(In memoriam Eduardo Aguilar Soto,
30/10/90-12/08/92)
Este 30 de octubre habría cumplido 33. Casi mi edad cuando él nació. En ese entonces quise ser como el pelícano que según Cornelio Agrippa devuelve con su propia sangre la vida a su cachorro muerto; como el emperador Babur cuando ofreció su muerte al cielo por la vida de su hijo y el cielo dijo: “Cúmplase”. A mí no me hizo caso el cielo.
Sólo obtuve alivio cuando acepté que el hueco estaría dentro de mí mientras viviera; y al anotar: “Y ya nada pierdo; perdí lo mayor”.
Abro un Scribe de esos días: “Veo la foto de un hombre arrodillado, de espaldas a la cámara, en un cementerio de Bosnia. Sobre la pequeña lápida, un nombre y dos fechas: 1990-1992. Me pongo a llorar”. Mismo Scribe: “Oigo en el radio que una niña de un año y seis meses murió asfixiada por los empujones y apreturas en un vagón del Metro Pantitlán. Su madre la llevaba en brazos. La niña acababa de salir del hospital, donde le habían hecho una traqueotomía. Me pongo a llorar”.

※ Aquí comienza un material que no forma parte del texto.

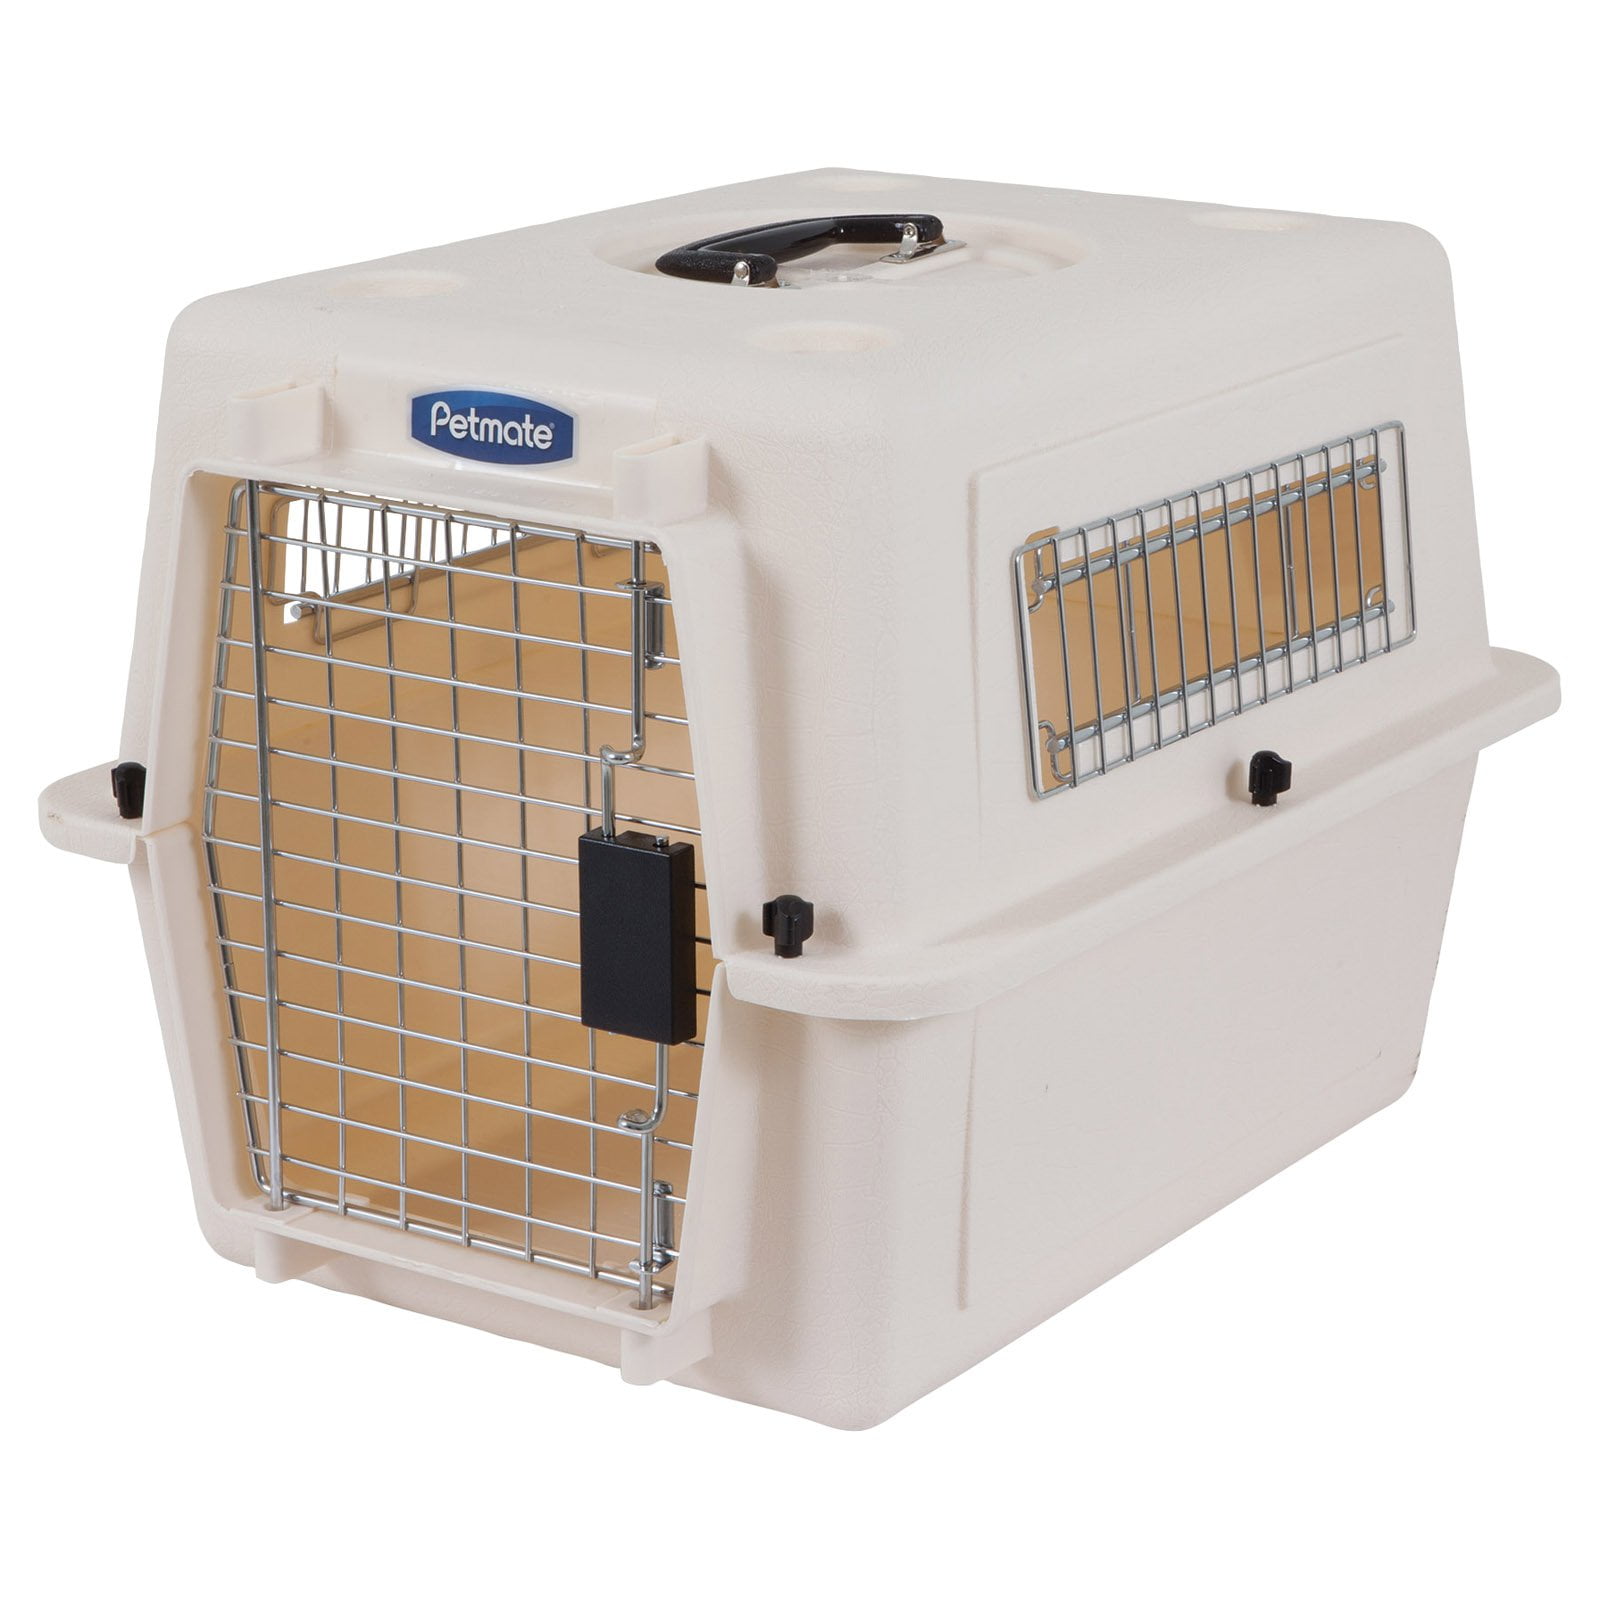 Petmate Vari Fashion Single-Door Plastic Dog Kennel, Pet Carrier, Brown,  Large, 40 inches
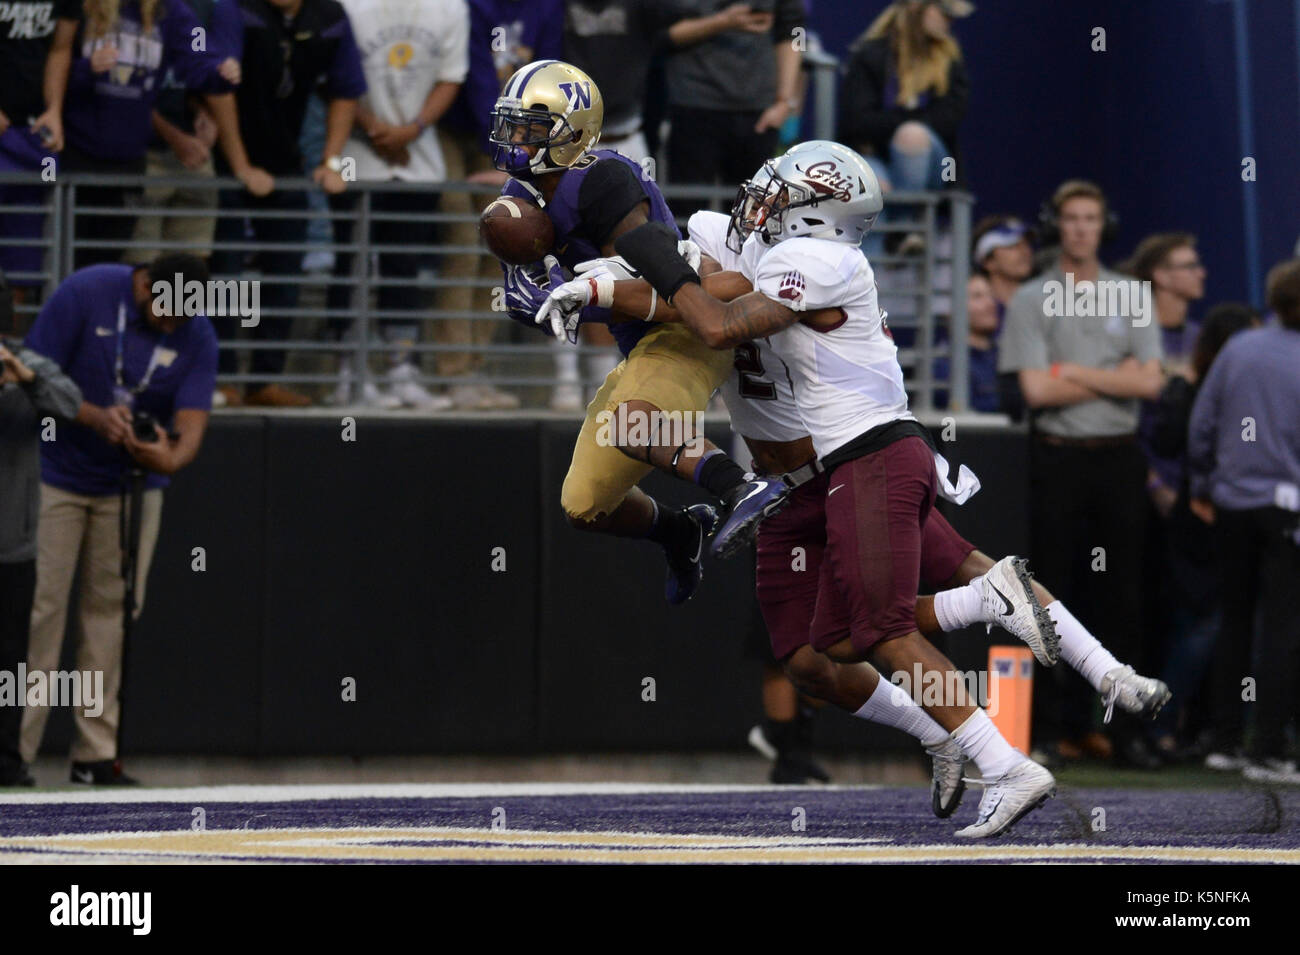 Seattle, WA, USA. 9th Sep, 2017. UW receiver Chico McClatcher (6) goes up for a pass in the endzone against the Montana defense in a game between the Montana Grizzlies and the Washington Huskies. The game was played at Husky Stadium on the University of Washington campus in Seattle, WA. Jeff Halstead/CSM/Alamy Live News Stock Photo

Scribe: mi tía Luisa gravemente hospitalizada. “Mi madre dice que ha tenido uno de sus sueños peculiares: había una escalera larga y con mucha luz, mi tía estaba en lo alto, vestida de novia. No podía verle la cara —la cara estaba en un círculo de luz— pero mi madre sabía que era ella. A la mitad de la escalera estaba el novio, vestido de luto”. Yo tomo ahora sólo la luz de esos sueños para poner el escenario en que él vendrá a buscarme; será en la escalera, junto al vitral con motivos vegetales en nuestra vieja casa de 1928. Vendrá, gateando y sonriente como en la foto que ahora veo sobre mi escritorio, a darme la mano y fundirnos en la luz”.
Pero no todavía. No es tiempo de que él vuelva a ser un niño y regrese por su aniñado progenitor. Ha cumplido 33. Se saltó sus dolores, padecimientos, hospitalizaciones. Cumple años y nace de un solo golpe, como Adán, a los 33: pleno, irrepetible. Lo fijo aquí en esa edad; lo fija aquí, ínfima, agitada de pies a cabeza, la llamita de esta nota.